**Action item**
What should come back is the data below, word for word, minus any picture.

**Given material**
------

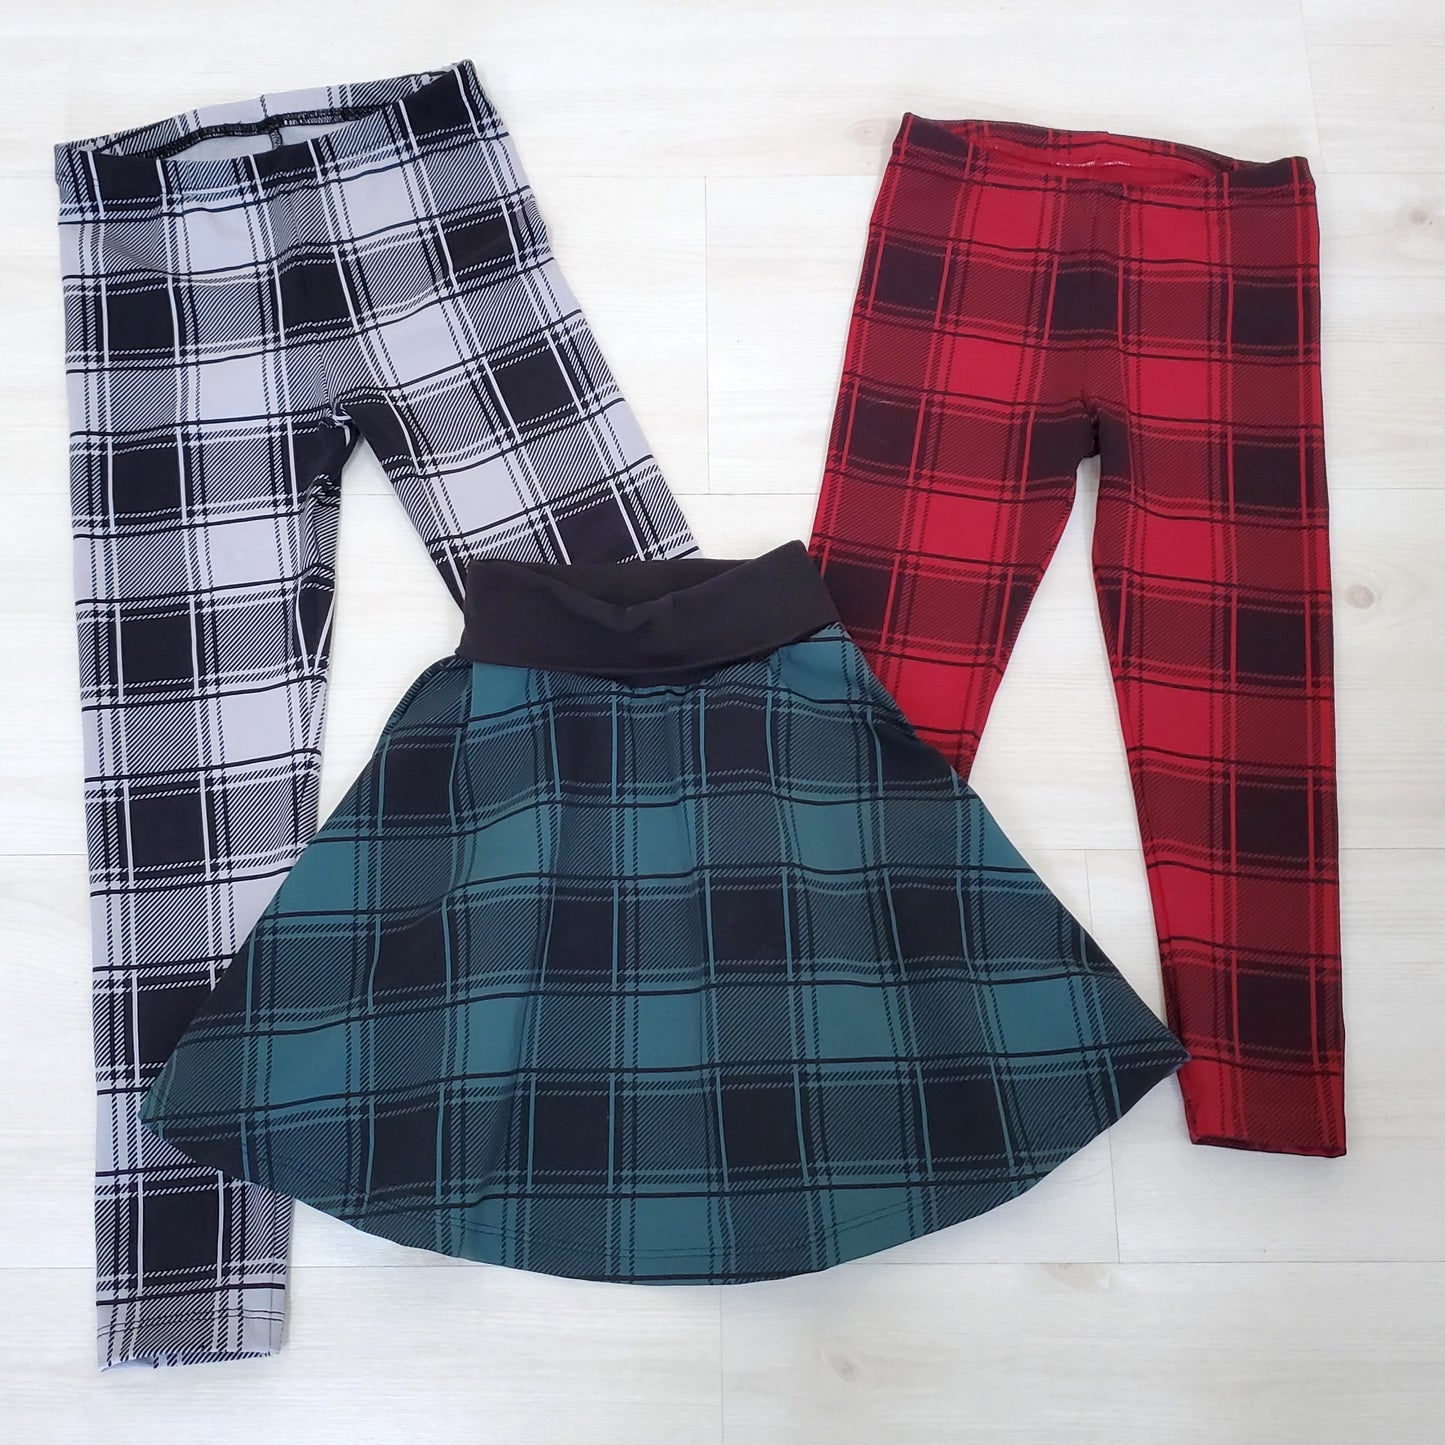 Plaid Leggings and Skirts for Children in Organic Cotton
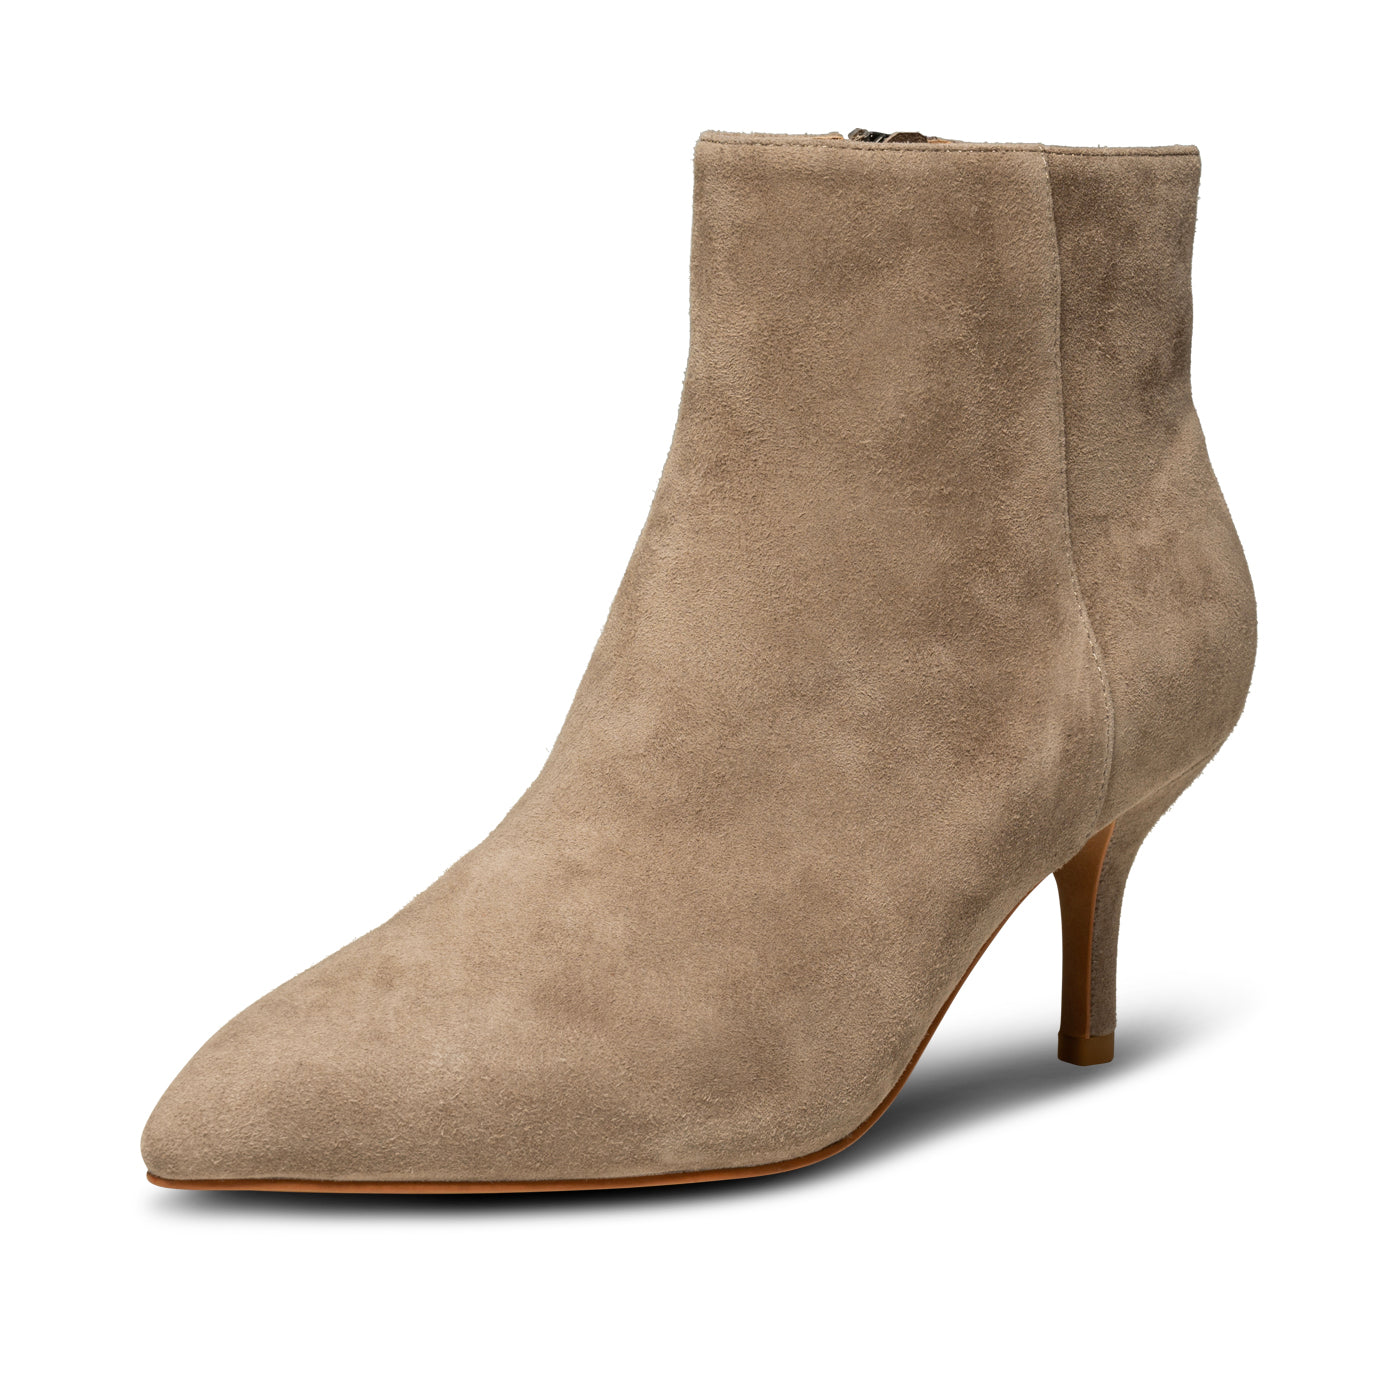 SHOE THE BEAR WOMENS Vega Bootie Suede Heels 160 TAUPE
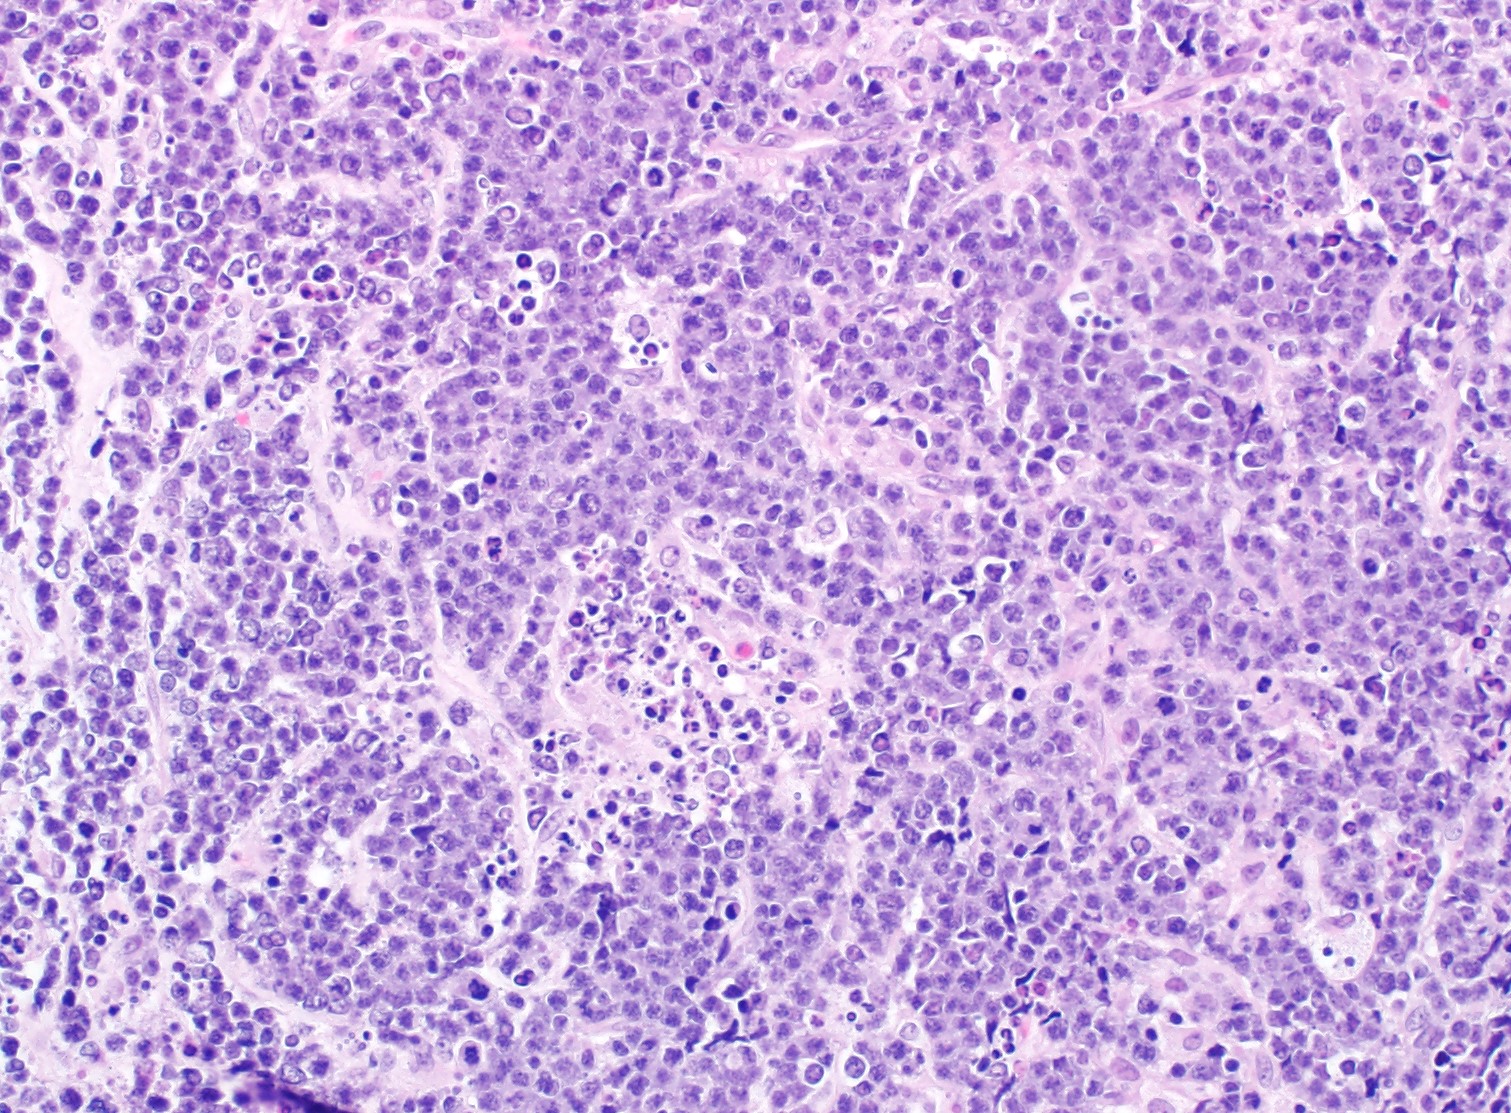 Lymphoma cells with interspersed tingible body macrophages

------

**Task output**
 Plaid Leggings and Skirts for Children in Organic Cotton
 SHOE THE BEAR WOMENS Vega Bootie Suede Heels 160 TAUPE
 Lymphoma cells with interspersed tingible body macrophages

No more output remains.